[cabfpub] Fwd: Re: [cabfrev] Must Staple Draft

Adam Langley agl at google.com
Wed Oct 3 17:10:50 UTC 2012


On Wed, Oct 3, 2012 at 11:36 AM, Paul Tiemann
<paul.tiemann.usenet at gmail.com> wrote:
> What happens in those cases where a server that does support stapling happens to not staple its response?

A mustStaple certificate must be stapled. If it is not, then it's a
certificate verification failure.

(Whether it's a soft failure, which can be clicked through, I'm not
sure about. By initial inclination would be to make it a hard failure,
as a revocation would be.)

> Will the very first nginx SSL handshake for each nginx worker get rejected for the unlucky client who tries visiting the site?  An nginx server with 16 worker processes will give out 16 SSL handshakes without a staple for each SSL certificate configured.

Sounds like the first 16 clients are going to have a bad time if the
server is sending a mustStaple cert without stapling. (Or the site
operators add a loop with 16 wgets to the startup script.)

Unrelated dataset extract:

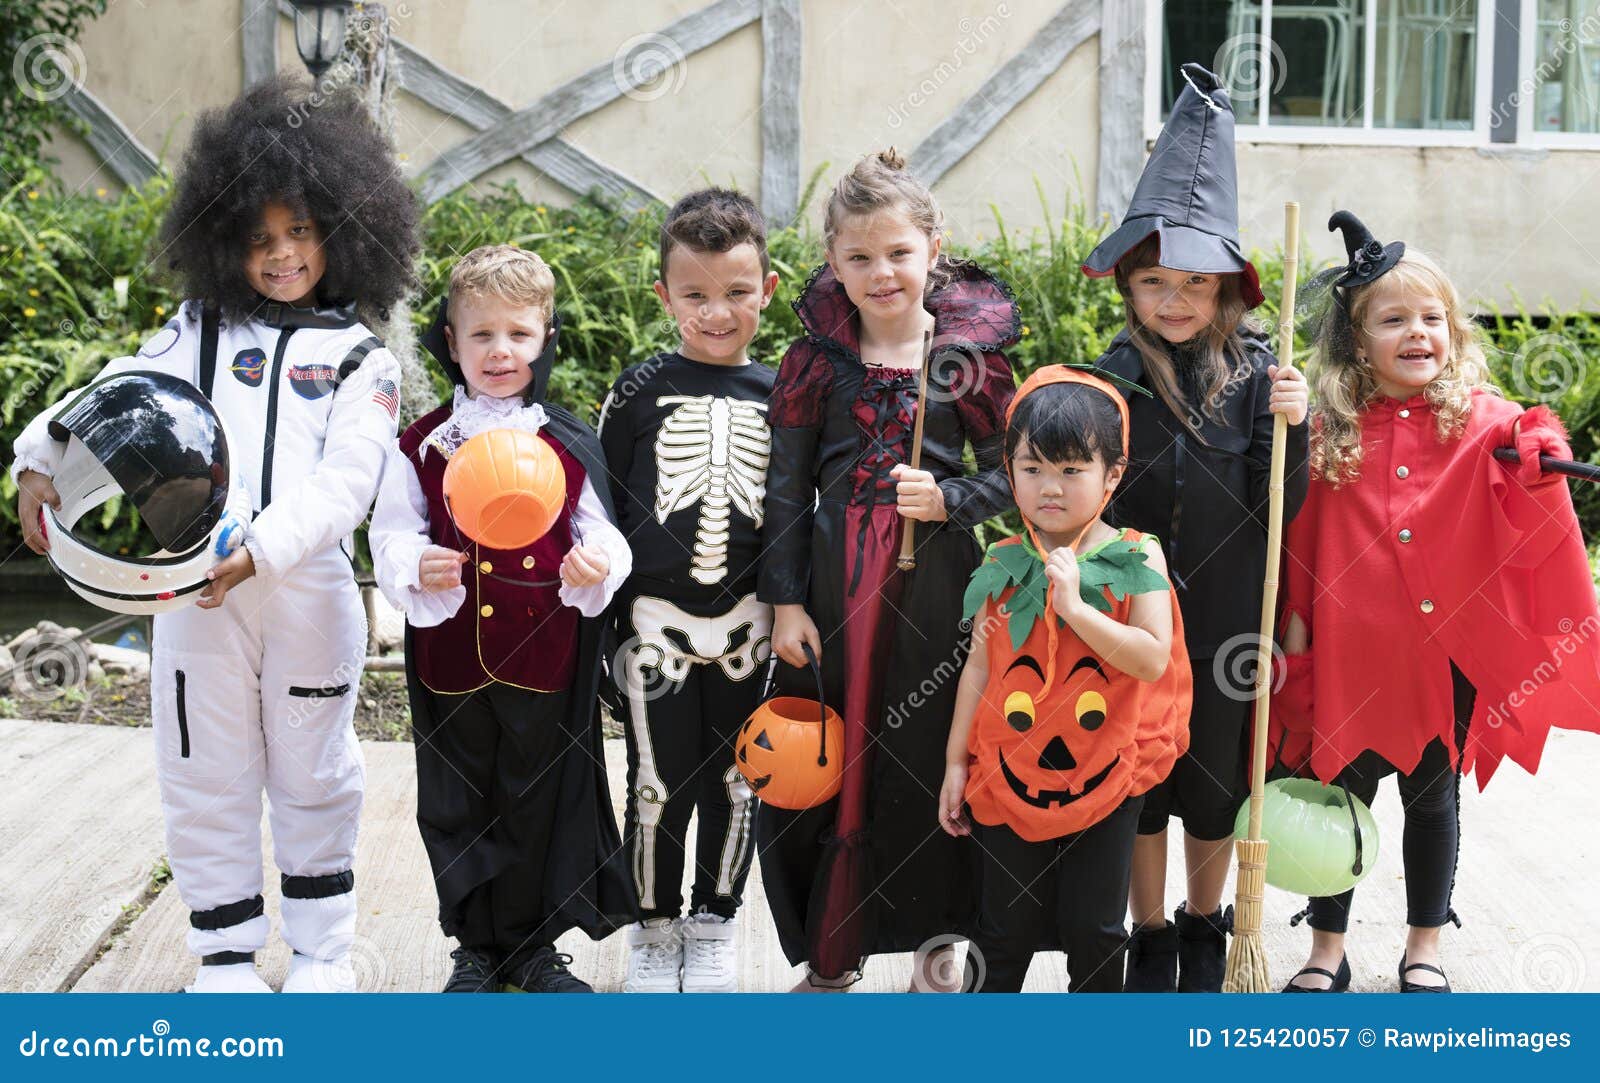 diverse kids in halloween costumes

> If you introduce a new top-level extension for each of these needs, then
> certificate viewers may never be able to catch up.  Imagine a certificate
> with half a dozen "Unknown Extensions" appearing to the curious user,
> and what kind of consternation that will cause (and support calls to CAs)

Your argument seems to be that we shouldn't add new top-level
extensions because certificate viewers show them as `unknown'. Rather,
we should wedge things into existing extensions because then they'll
be hidden. But then certificate viewers can't be used at all! How is
someone going to figure out if they have a mustStaple certificate if
we can't even tell them to look for a given OID in the viewer? These
viewers show the raw hex dump of the RSA modulus etc, they are clearly
debugging aids. I can't accept that we shouldn't use X.509 extensions
until all viewing software has been updated.